Did they tell you it was that way before the bought the home?


----------



## ICE (Nov 4, 2013)

jar546 said:
			
		

> If I remember correctly in another post, you were directed to start leaving people alone.  This is why you have so many photos.  Your area suffered from poor, selective code enforcement and it looks like it is about to go backwards again.


It has a lot to do with the office manager.  I have had eight in sixteen years.  Some understand that I am riding herd on a bunch of bandits.  Some don't.  The current manager is a civil engineer that has zero knowledge about MEP.  On top of that there are to be no waves and the contractors know more than we do..... It is after all, their trade.


----------



## ICE (Nov 4, 2013)

mark handler said:
			
		

> Did they tell you it was that way before the bought the home?

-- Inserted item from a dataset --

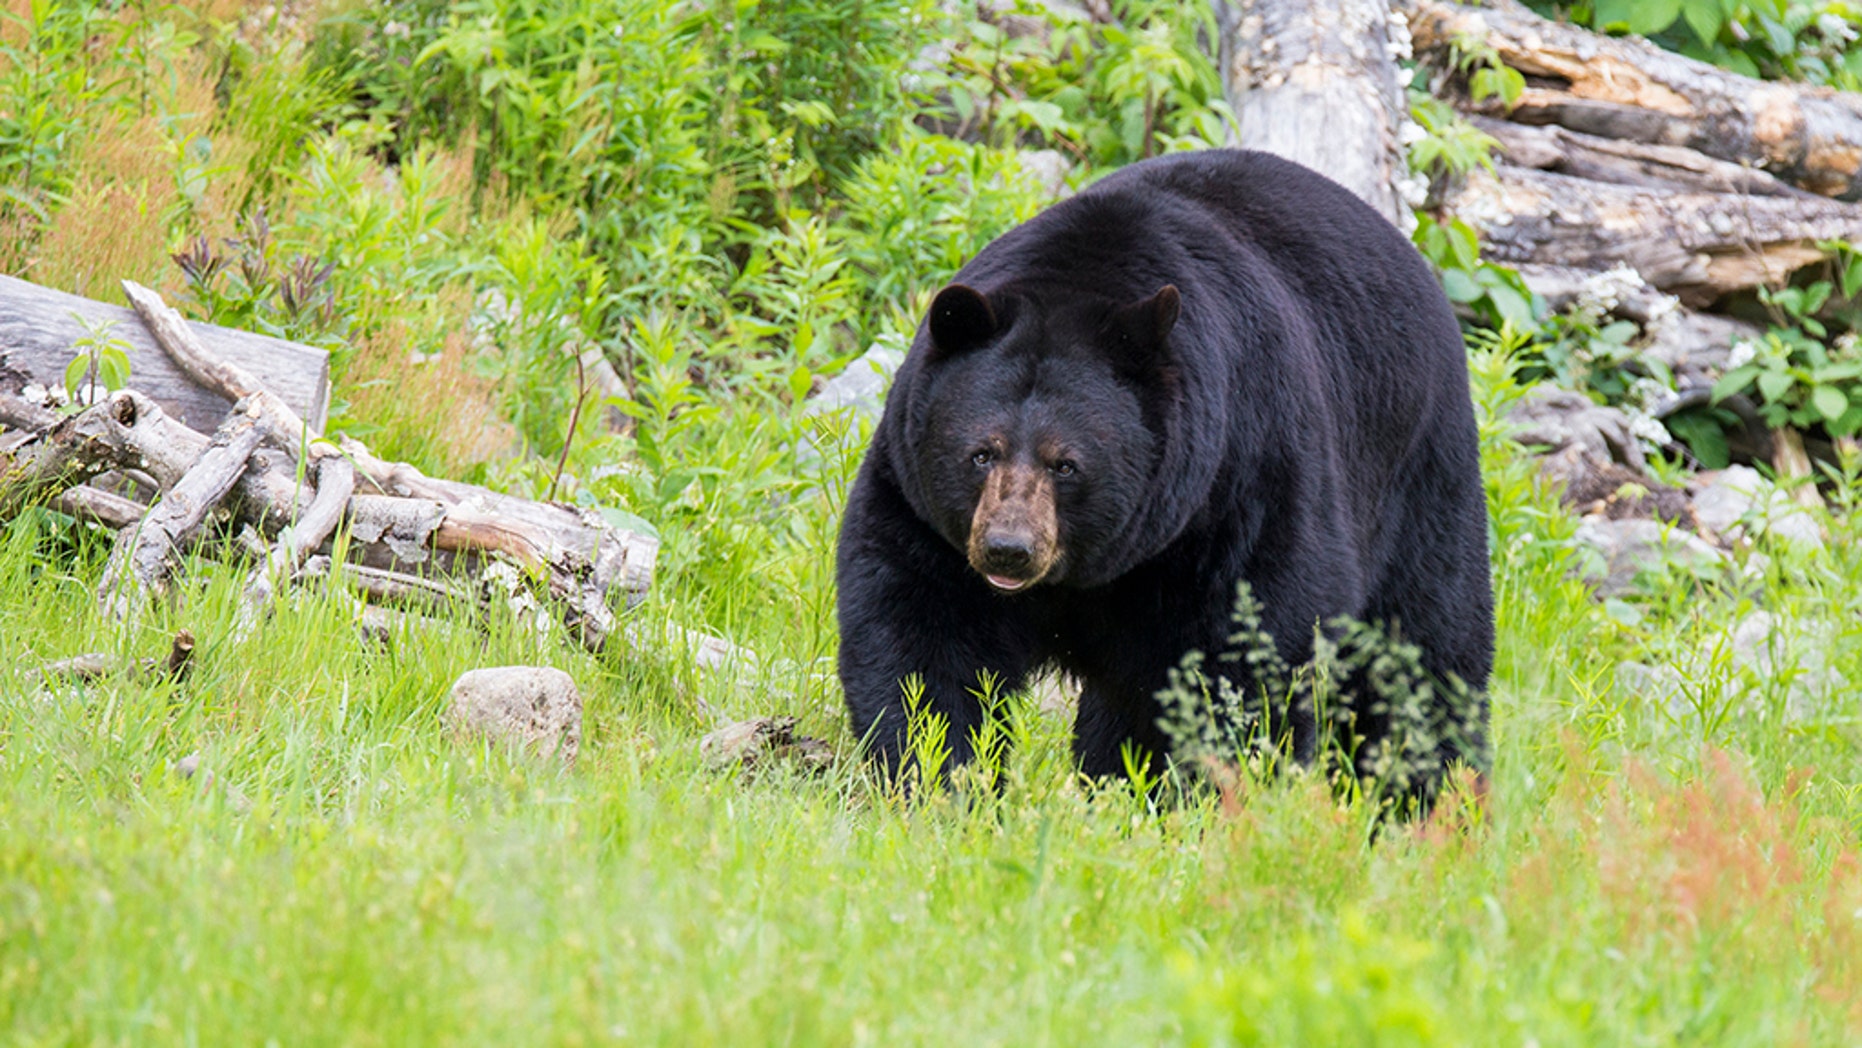 Black bear sightings in Virginia on the rise in light of acorn shortage

I didn't ask and they didn't tell.


----------



## jar546 (Nov 4, 2013)

So basically an office manager has the legal authority to override the codes?  Was the directive put in writing?

If we don't push back, we are part of the problem.  Ask for a directive in writing.  I thought CA has a statewide code.


----------



## ICE (Nov 4, 2013)

jar546 said:
			
		

> So basically an office manager has the legal authority to override the codes?


That is correct.


----------



## MikeC (Nov 12, 2013)

Is that transition duct listed and labeled in accordance with UL 2158A?


----------



## RJJ (Nov 12, 2013)

Then it is about time to get some grit! When someone dies it will be to late.


----------



## JPohling (Nov 12, 2013)

Ice,  What jurisdiction are you in?  I need to start flipping homes..............


----------



## MikeC (Nov 13, 2013)

Oh, and I just noticed, no jumper on the water heater


----------



## ICE (Nov 13, 2013)

MikeC said:
			
		

> Oh, and I just noticed, no jumper on the water heater


Good eye Mike.  It was a requirement at the time that this was done.

I don't see any screws holding the vent to the draft hood either.


----------